Here’s my thing about candy, by the way: It’s important to give the good stuff, and not be stingy. At my house, chocolate is the rule of the day (those shaped assortment packs with the peppermint ‘batty’ and the reese’s pumpkin were a hit with neighborhood kids), and I give two pieces to each kid, three if I like their costume. Usually, I enforce a “no costume, no candy” rule, but will relent if they compliment my pumpkin. Flattery gets them everywhere. (This year’s pumpkin was an Aztec sun – pix later.) This is a little extravagant, I’ll admit, but my house has never been egged, and the kids are always polite. It’s worth a little bribery to achieve that.
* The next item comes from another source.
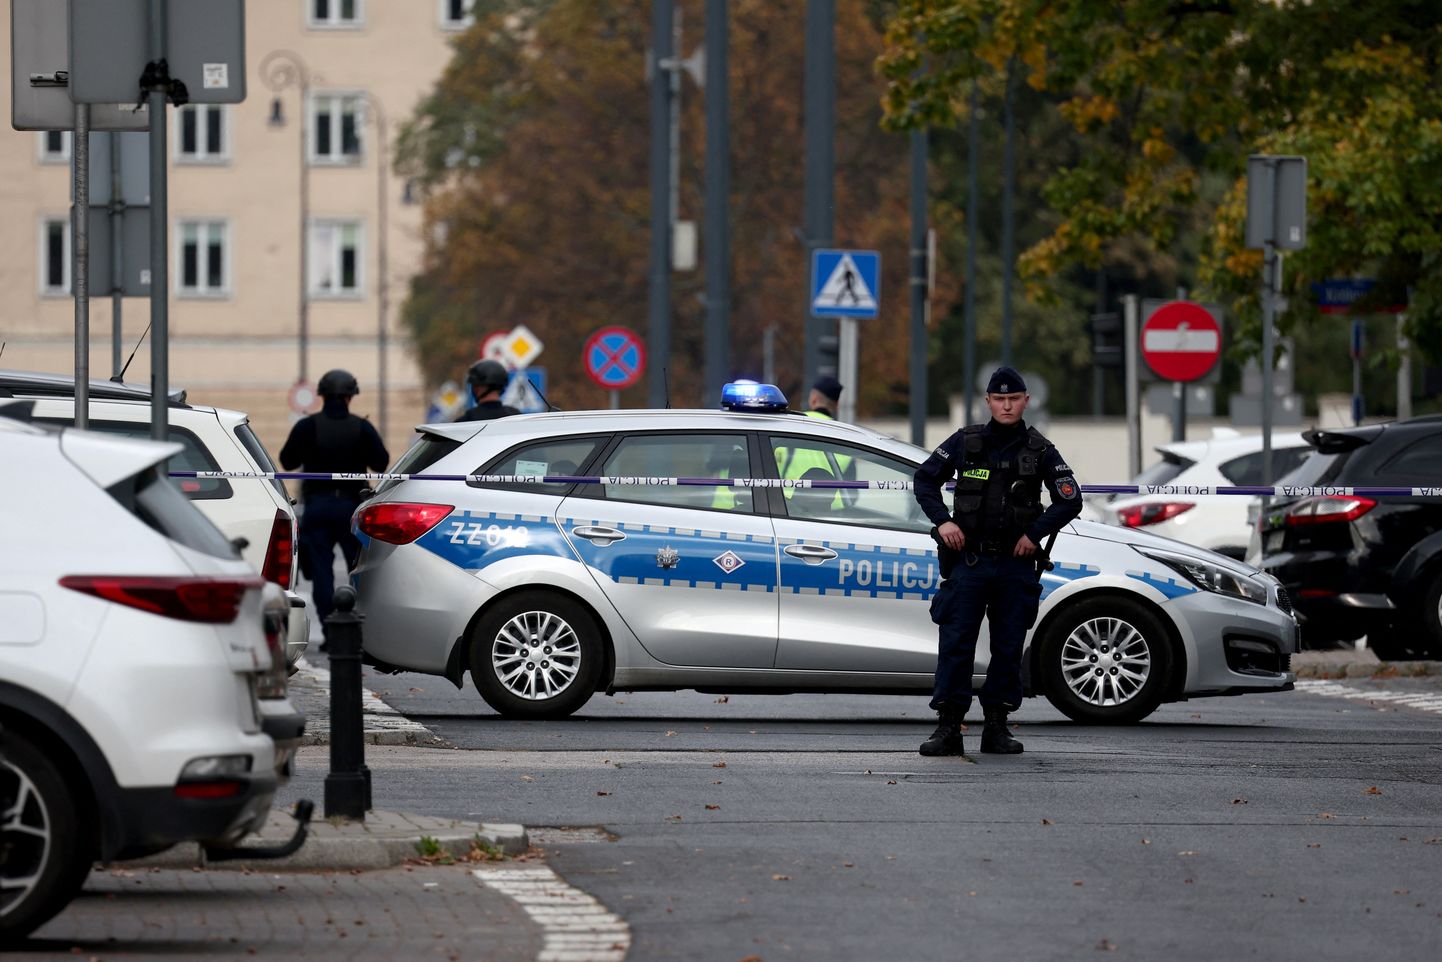 Poola politsei tänase pommiähvarduse sündmuskohta piiramas.

I set up camp in my dining room (which I never use when we don’t have company, and that’s sad. It’s such a cozy room, and it’s the only room on the first floor with a street view), with my laptop, coffee, and the requisite orange-frosted cupcake. You know, the kind from the grocery store with frosting that feels like wax coating on your teeth? They’re disgusting, but they’re a tradition I keep partly because it makes me happy, and partly in honor of one of my best friends, Jen in Colorado, with whom I’ve stopped to buy them from an all-night Safeway on the way home from the Halloween gathering in the Castro. It’s the friends you can walk down Market Street eating cupcakes with at two in the morning, who really count.
At 5:30, when it was just starting to get dark, I worried there would be no kids. At 6:24 the first kid showed up, an adorable eight-ish-year-old in a homemade Hermione Granger costume. She got bonus points for having a scarf her grandmother knitted (I asked), for being personable, and for pausing as she left, to wave her wand at the blinky pumpkins, and yell “Lumos!” just as they blinked ON. By eight, I’d refilled the candy bowl a second time, for the teenagers. I think the drama group from the local high school came en masse – they got points for BEING their characters, and I had fun teasing them. “You all get three pieces each, for being creative,” I said. And one of the guys repeated it. “We get three pieces,” he told his friends, “Because this lady’s wonderful.”
At 9:00 one last straggler showed up – she’s probably the kid whose parents couldn’t get home from work, and I let her take a handful. I kept the light on til 9:30, then closed everything down. Except the pumpkin, which is still glowing happily on the side table in the living room (it’s sporting a cool pumpkin light, this year).
During the trick-or-treating, I chatted with friends, and did some research for a series of articles on online advertising – actually learned a couple things I didn’t know – and found myself wishing one of the adorable children was mine. “I’m 36,
I whined textually to a friend in Canada. “Aren’t I too old for this?” She assured me I wasn’t.
Fuzzy didn’t seem to mind that I accosted him as soon as he came home, either.